Self-identifying as Christian (n=167) correlated with having moral judgements that were predicted by Impurity (r = 0.26), Utilitarianism (r = -0.17), Emotional Pain (r = -0.16), and more.

🪞 You can find out what moral dimensions predict your own judgements (and how you compare to others) by using our free Understanding Your Morality tool.

In a recent newsletter, we told you about a large study we ran to better understand people's moral intuitions. We asked US study participants to rate the immorality of actions in a variety of different scenarios. Today, we'll dive deeper into our study findings.

You don’t need to have read the previous article in order to enjoy this one but, if you’re interested: That article explains the rationale for the study, introduces our novel approach to understanding people's moral compasses, and launches our new Understanding Your Morality tool, where you can rate the scenarios from our study yourself and receive a personalized analysis of what your ratings reveal about your own moral compass.

Let's start with a tiny experiment. Read the scenario below and, without overthinking it, come up with a quick rating of how immoral it is, from 0.0 (fine) to 5.0 (extremely unethical):

Poe, an American, is cleaning out their closet and finds their old American flag. Poe doesn't want the flag anymore but needs some rags for cleaning, so Poe cuts it up into pieces and uses the scraps to clean their bathroom.

If you felt an immediate "that’s obviously fine," or "that’s obviously wrong," can you notice how objective that reaction feels? Does it feel like you're reporting a fact rather than a preference? Would you expect most other people’s answers to cluster near yours, or would you bet there are significant numbers of people with very different answers?

This matters because moral conflicts rarely start with one person thinking, "I want to do harm." They typically start with people using different moral lenses and feeling similarly certain. If you can understand which lens you're using (and which lens someone else is using), you can get an idea where you'll talk past each other and how to have a more productive disagreement. Our Understanding Your Morality tool aims to help you gain that self-understanding.

In our study, hundreds of participants rated 300+ scenarios like the one above. What we found wasn't just that people disagree: We found that, for many scenarios, disagreement is structured and often extreme. And you can partially predict someone's judgments from the moral ‘dimensions’ their responses reveal.

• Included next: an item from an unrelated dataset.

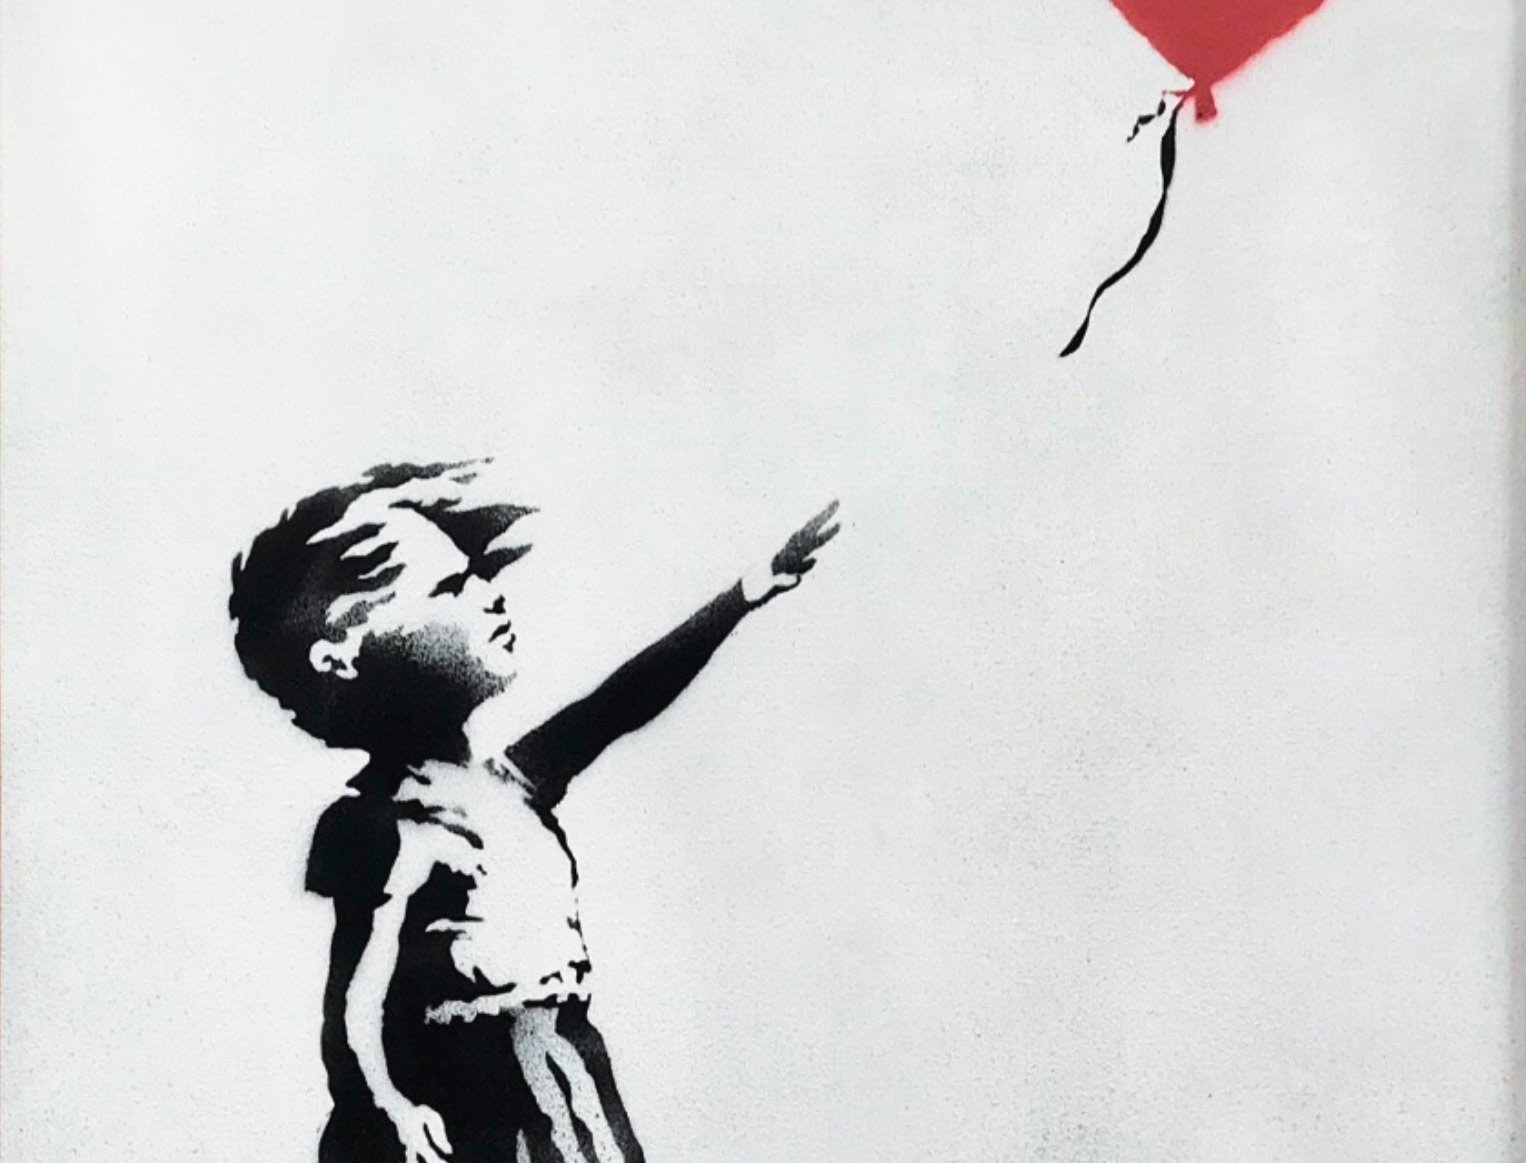 Come ha fatto Banksy a distruggere la sua opera?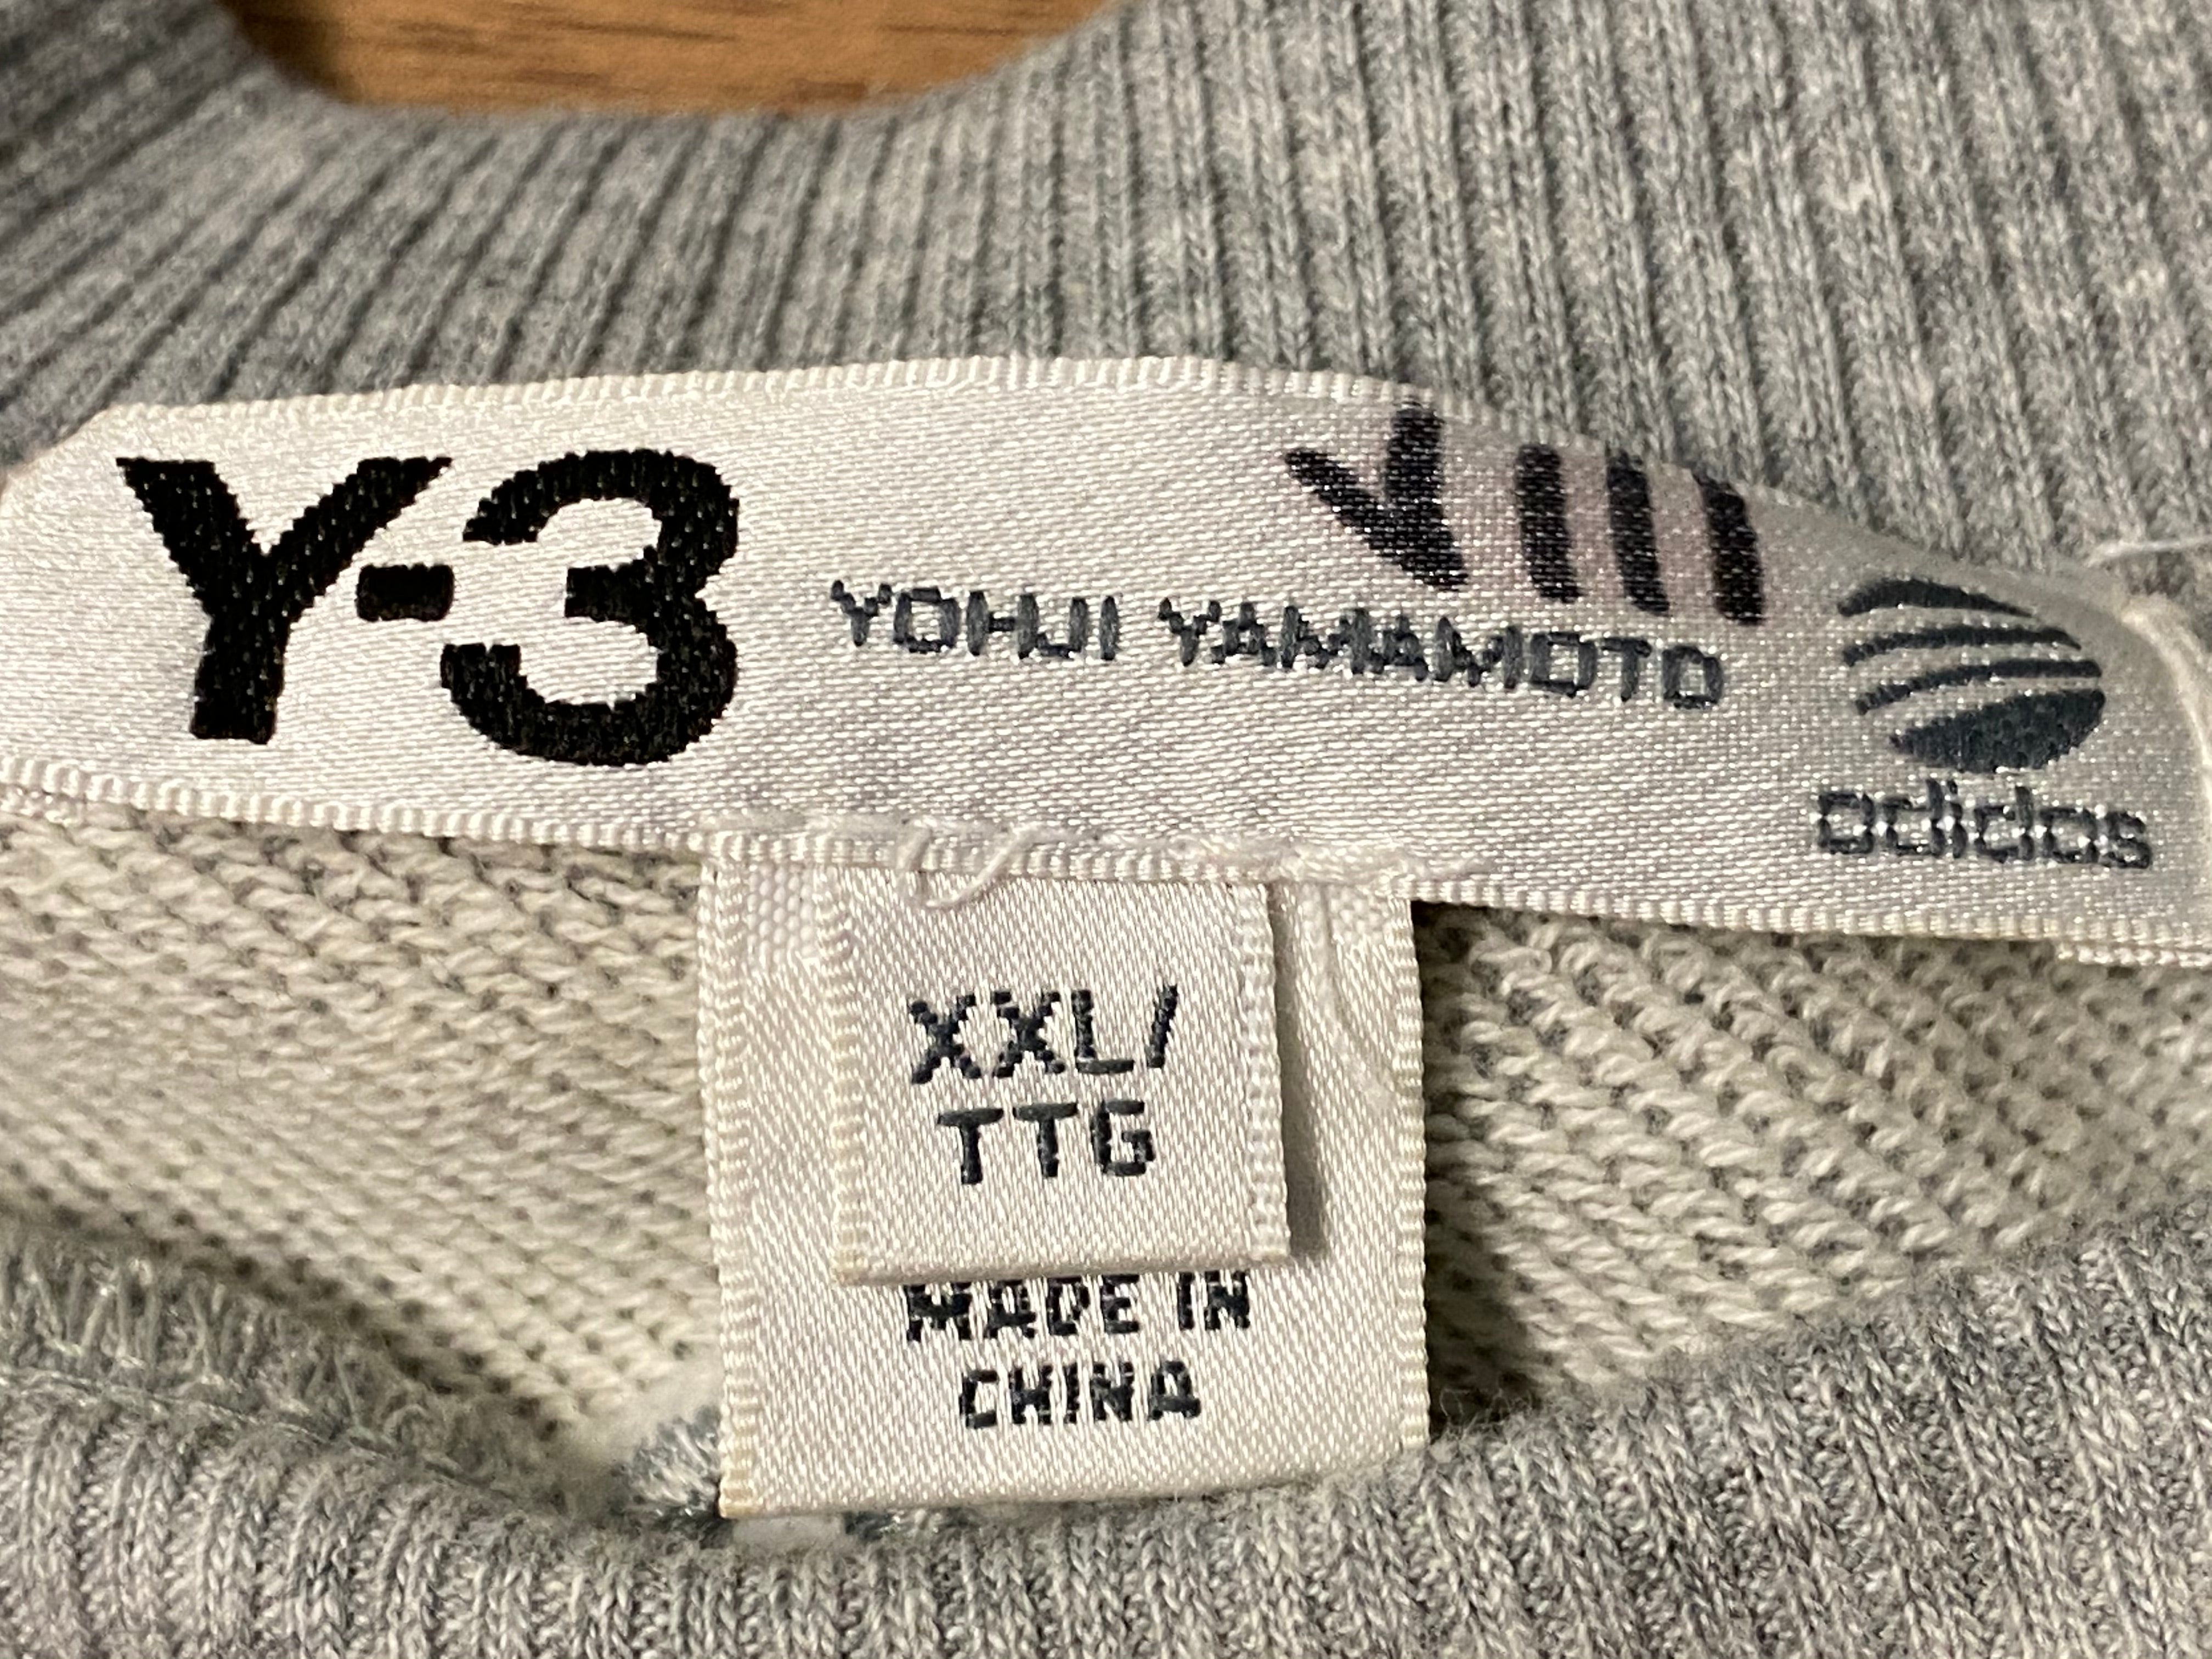 Y-3 Teddy Bear Graphic Sweatshirt - Grey

In the rest of this post, we'll show what those disagreement patterns look like in the data, why the average opinion can be misleading, and how our 15-dimension model (and Moral Foundations Theory) can help explain which kinds of people see the same act as harmless versus immoral.

How We Studied Morality

If you read our last article about this study, you may want to skip this section and jump right ahead to What We Learned About Disagreements and Extremes. If you need a refresher, here's a brief summary of what we did.

We set out to answer a central question in practical ethics: how do people make rapid moral judgments? We aimed to identify which moral principles best explain why different people label the same situation as right or wrong. This premise – that judgments rest on underlying principles – appears in frameworks like Moral Foundations Theory (MFT). The key idea is that individuals endorse different principles and weight them differently, which can yield sharply divergent judgments of the very same scenario. Often, people are not consciously aware of these principles; they judge as if following them without knowing why. To probe this, we assembled a broad set of candidate principles and identified the ones that best account for people's judgments.

Moral Foundations Theory (MFT) is the most well-established framework of this kind, but it was developed through a very different method from ours: MFT is theory-driven (it synthesized existing observations and theory into a framework, then experimentally validated it), whereas our method involved identifying principles more directly from data using a novel method based on predicting people's judgments. In brief, here's what we did:

As a result, we have developed a method for creating personalized linear regression models that assign weights (coefficients) to 15 different moral dimensions, showing which dimensions are most predictive of how any given person makes moral judgments. You can try this for yourself and find out more about your moral compass by trying our new tool:

Launch the Understanding Your Morality tool!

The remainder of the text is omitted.